On Thursday, Robin M. Nazzaro, Director of the Government Accounting Offices’ Natural Resources and Environment section, testified before the House of Representatives’ Subcommittee on Interior, Environment, and Related Agencies, Committee on Appropriations. The entire text, badly titled Actions by Federal Agencies and Congress Could Mitigate Rising Fire Costs and Their Effects on Other Agency Programs is HERE, but below is a summary from the document:
As GAO has reported, there are several steps the agencies could take, and actions Congress could consider, that could mitigate the rising costs of wildland fire management and its effect on the agencies’ other programs.
- Although the agencies have, among other actions, improved decision-support tools for helping officials select appropriate strategies for fighting individual wildland fires, the agencies continue to lack both an agencywide strategy for containing fire suppression costs and a broader long-term wildland fire management strategy that identifies options, along with associated funding, for reducing excess vegetation and responding to fires—what GAO has termed a cohesive strategy.
- The agencies could develop a better method of estimating the suppression funds requested, as GAO recommended in 2004. Better estimates in a given year could reduce the likelihood that the agencies would need to transfer funds from other accounts, yet the agencies continue to use an estimation method with known problems. The Forest Service told GAO it analyzed alternative methods for estimating needed suppression funds but determined that no better method was available. Because the agencies had to transfer funds in each of the last 3 years, however, a more accurate method for estimating suppression costs may still be needed.

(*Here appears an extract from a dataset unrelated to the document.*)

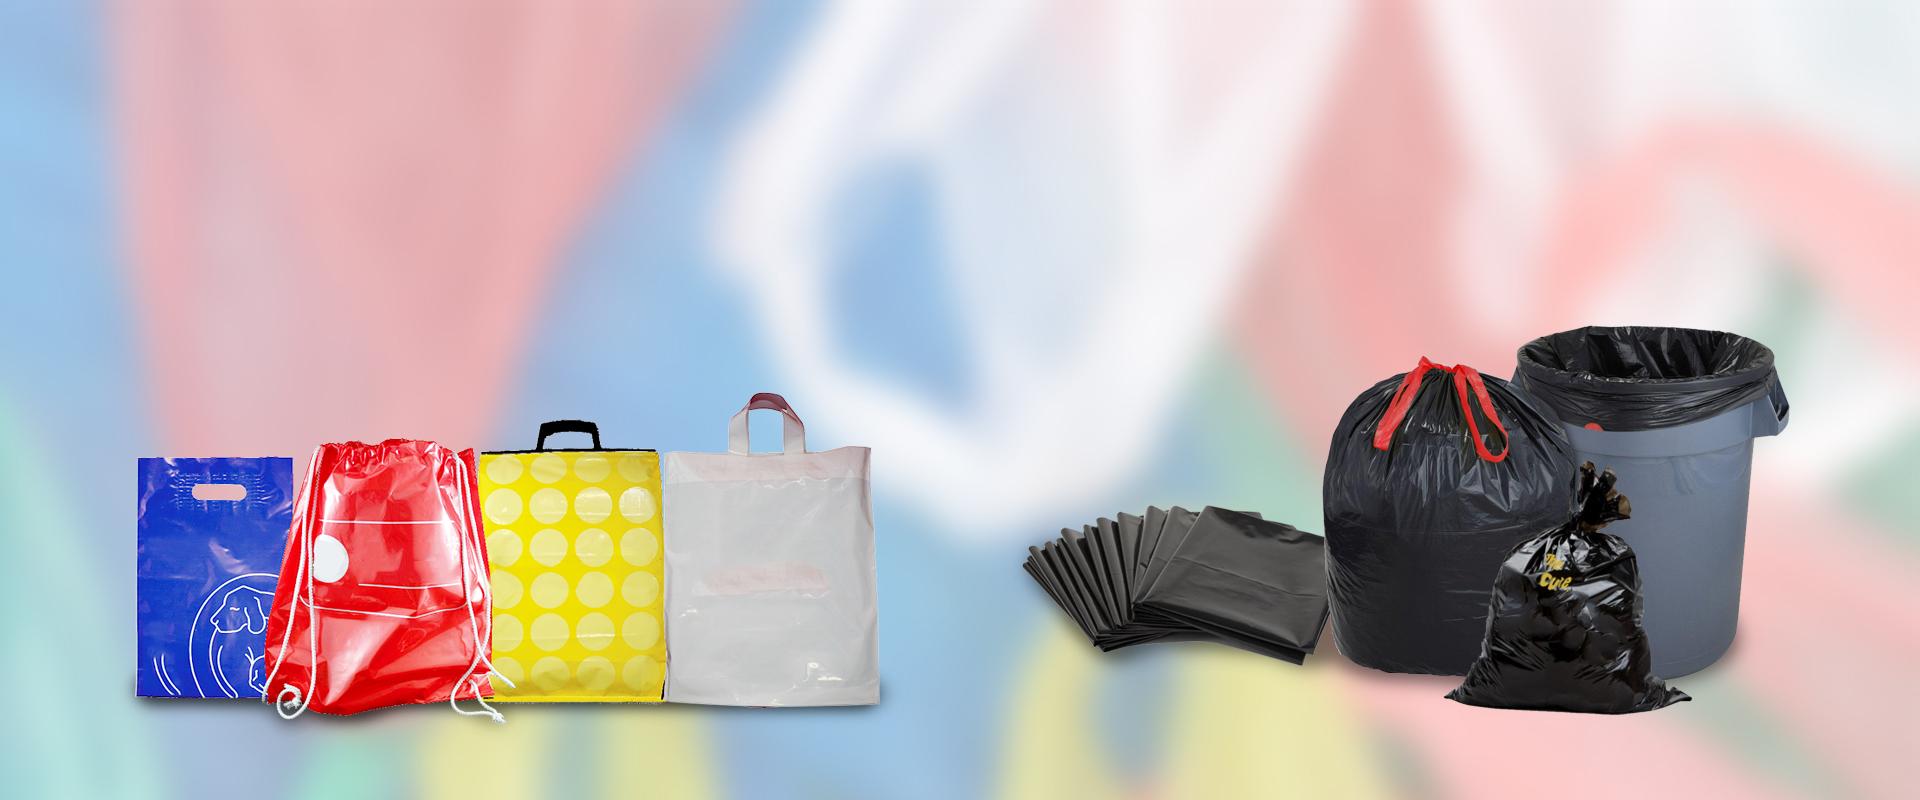 srsplasticbags

- In addition, Congress may wish to consider establishing a reserve account to fund emergency wildland firefighting, which could reduce the need for the agencies to transfer funds. The advantages and disadvantages of several alternative funding approaches were discussed in GAO’s 2004 report. Congress considered at least two bills in 2008 proposing establishment of a reserve account, but neither bill passed. One of those bills was reintroduced in March 2009.